Unsere Bestrebungen, das Haus dem Land Berlin als "Mietergemeinschaft" in der Form einer Gesellschaft des bürgerlichen Rechts abzukaufen, fanden ein wohlwollendes Echo bei der Senats-Finanzverwaltung. Der damalige Senatsdirektor Theo Rohr beauftragte den zuständigen Bezirksstadtrat Gleitze, ein neues Verkehrswertgutachten einzureichen. Daraufhin vertrat der Finanzstadtrat (und mit ihm natürlich das Grundstücksamt) plötzlich den entgegengesetzten Standpunkt. Es hieß jetzt, der Bezirk werde sich niemals von dem Haus trennen. Das von der Senats-Finanzverwaltung angeforderte neue Verkehrswert-Gutachten wurde nicht erstellt. Auf eine schriftliche Anfrage, die ich im Auftrag der Mieter an Herrn Bezirksstadtrat Gleitze richtete und in der ich um Angabe des Verkehrswertes bat, bekam ich eine sehr patzige Antwort.
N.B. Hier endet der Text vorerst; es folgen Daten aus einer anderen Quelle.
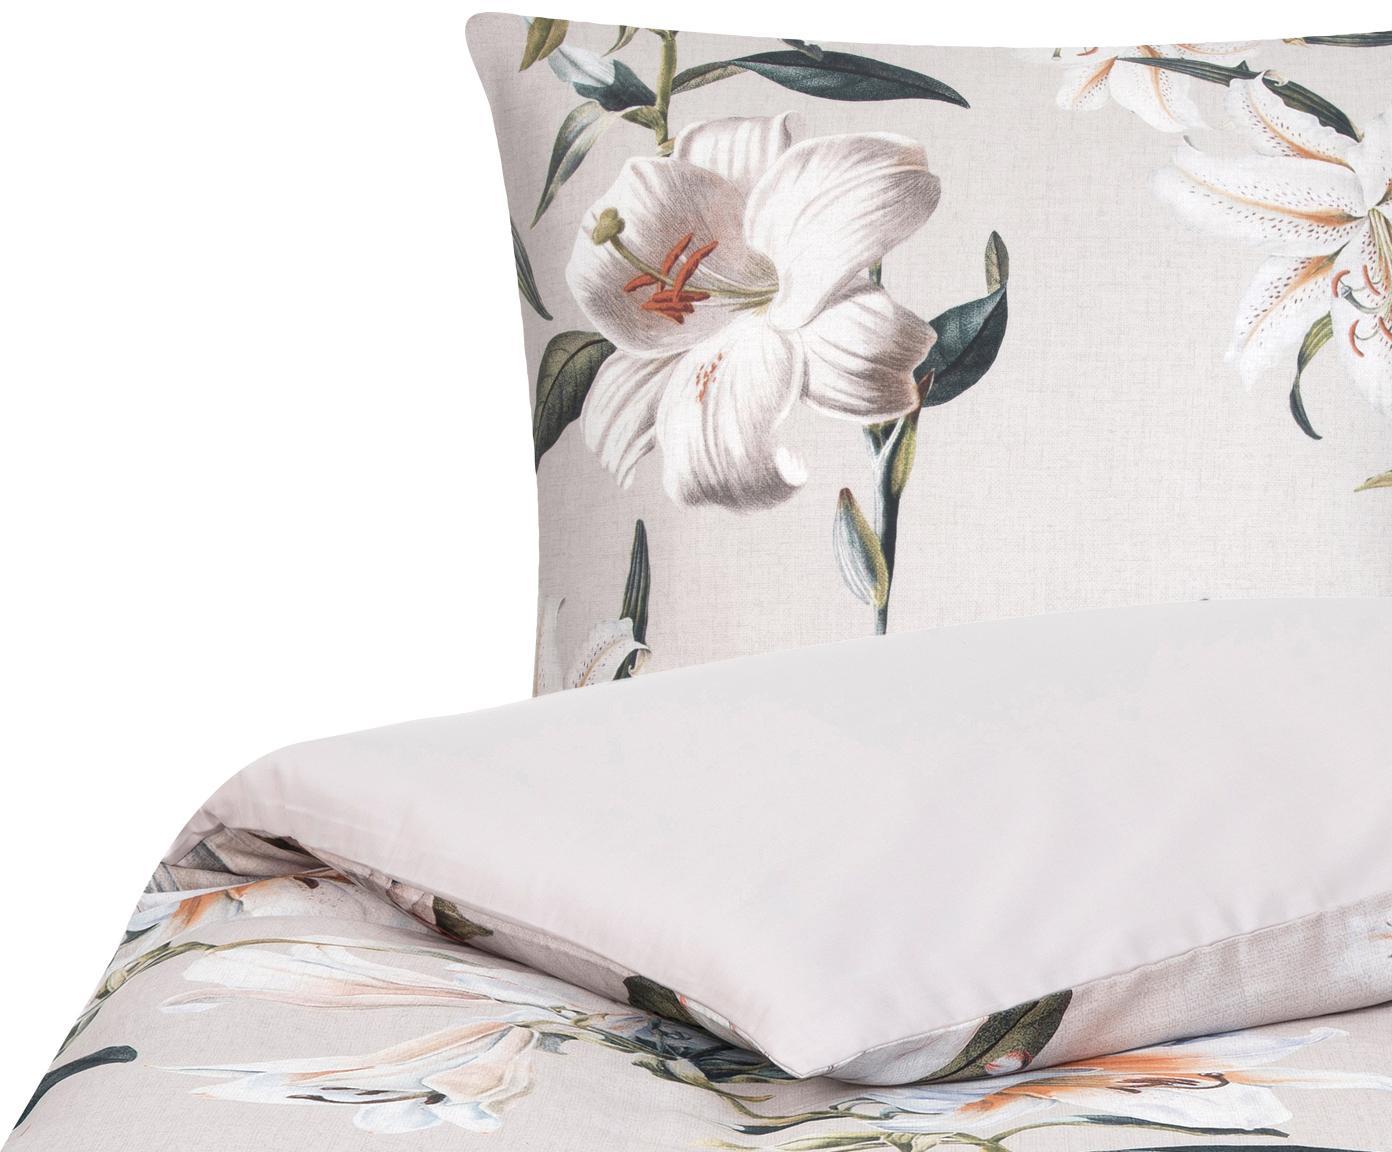 Baumwollsatin-Bettwäsche Flori mit Blumen-Print, Webart: Satin Fadendichte 210 TC,, Vorderseite: Beige, CremeweißRückseite: Beige, 155 x 220 cm + 1 Kissen 80 x 80 cm

Ich setzte Herrn Senatsdirektor Rohr von dem Verhalten des Bezirksstadtrates in Kenntnis, worauf dieser sehr ungehalten wurde, dem Bezirksstadtrat einen sehr unfreundlichen Brief schrieb und nun umgehend die Erstellung des Verkehrswert-Gutachtens verlangte. Eine Fotokopie dieses Schriftstückes befindet sich in meinen Unterlagen.
Herr Gleitze dachte jedoch nicht daran, der Aufforderung des Senatsdirektors Rohr Folge zu leisten, sondern ,,mauerte". Inzwischen kam der Zeitpunkt der Wahlen zum Abgeordnetenhaus und zu den Bezirksverordnetenversammlungen heran. Als Folge des Wahlausganges wurde der Senatsdirektor Rohr vorzeitig in den Ruhestand geschickt, wohingegen der Bezirksstadtrat Gleitze auf Grund von Schwierigkeiten bei der Bildung eines neuen Bezirksamtes für Schöneberg noch viele Monate weiter amtierten durfte, so das Hauskaufprojekt weiter blockieren konnte sowie an uns persönlich wegen der Durchkreuzung des Grundstückstauschgeschäfts Rache nehmen konnte.